Category: Economic Trends
Australian economy faring well against tough global conditions
Monday, 18 Apr 2016 06:57:07 | Rebecca Hyam

Australia has suffered an income hit from slumping iron ore prices. (supplied: Roy Hill)
A key economic report has praised Australia's performance, given the ongoing slowdown in China and the overall state of the global economy.
Deloitte Access Economics' latest Business Outlook stated that, while short-term growth in Australia would likely be modest, the economy was managing to weather most challenges.
Deloitte Access Economics partner Chris Richardson said Australia has kept growing, despite a number of hurdles.
"Don't forget that China's had a substantial slowdown, that things like iron ore prices and coal prices are well below where they were," he observed.
"That combination means that some of the huge construction jobs in mining - they're drawing to a close.
"That's a pretty tricky backdrop and against that backdrop, Australia's actually done very well."
China stimulus 'not a permanent solution'
The report suggested the rout in commodity prices and softening economic conditions in China would remain the biggest challenges for the domestic economy in the short term.

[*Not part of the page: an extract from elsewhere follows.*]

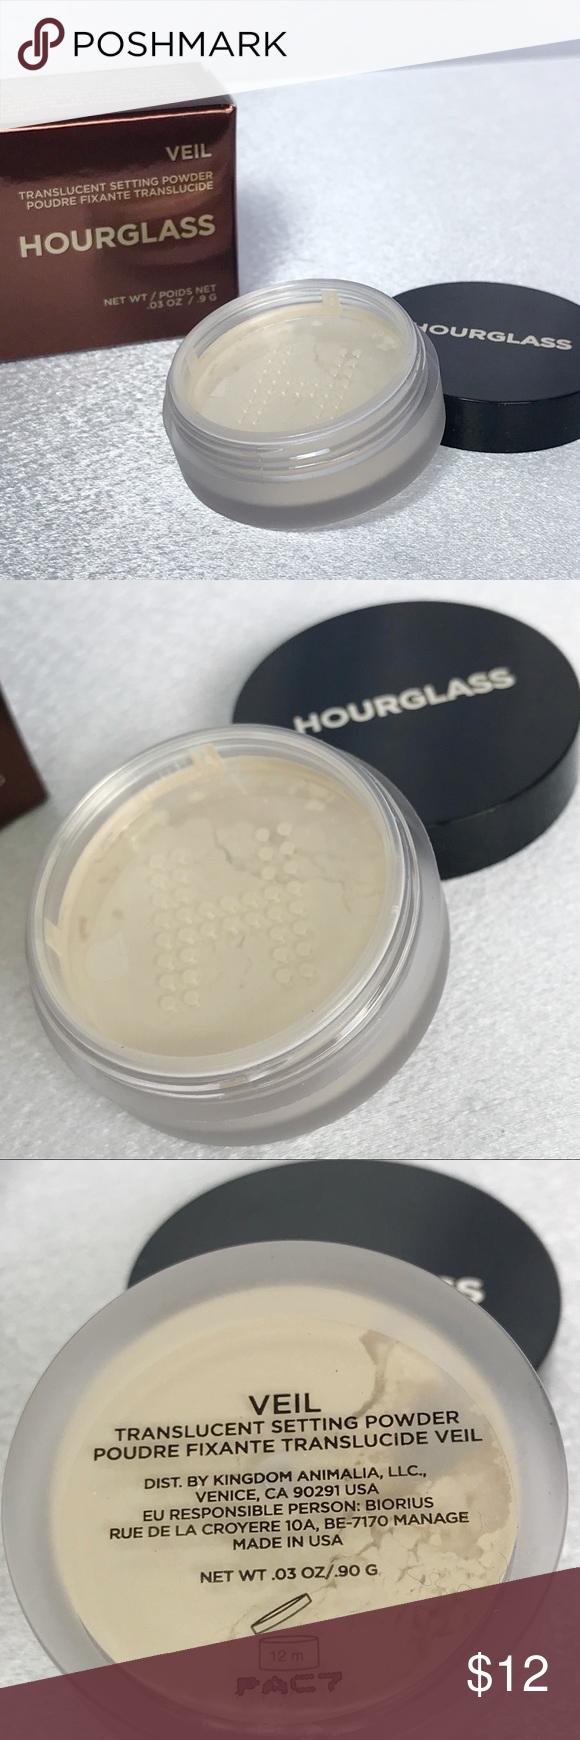 ce397b6c5adf6 🆕Hourglass Veil Translucent Setting Powder🆕 Brand new in box Hourglass  Veil Translucent Setting Powder

Mr Richardson said a number of emerging and developed economies would continue to struggle amid the fallout from China's economic evolution.
"It's throwing stimulus money at its slowdown and that's not a permanent solution," he said.
"It's transition will continue to be a challenge for Australia, and although things like iron ore prices are higher than they were, they're not high enough to generate that next round of mining construction projects in Australia."
Low rates to continue with 'global inflation taking a siesta'
The outlook also said that, with no sign of inflationary pressures on the horizon, Australian interest rates were set to remain low for a long time.
The report stated that, "in a world where there is too much capacity and too little demand, global inflation is taking a siesta".
It also noted that the domestic economy was struggling to adjust to the biggest pay cut the world has ever delivered, via slumping commodity prices.
Add to that the fact that housing prices are now so stretched, particularly in Sydney, and the report suggested the Reserve Bank would need to take a gentle approach to any interest rate rises.
Mr Richardson said all of those things meant the cash rate was likely to stay at the historically low level of 2 per cent, well into next year.
"You absolutely wouldn't say that there was a particular case to expect Australian interest rates to rise any time soon," he said.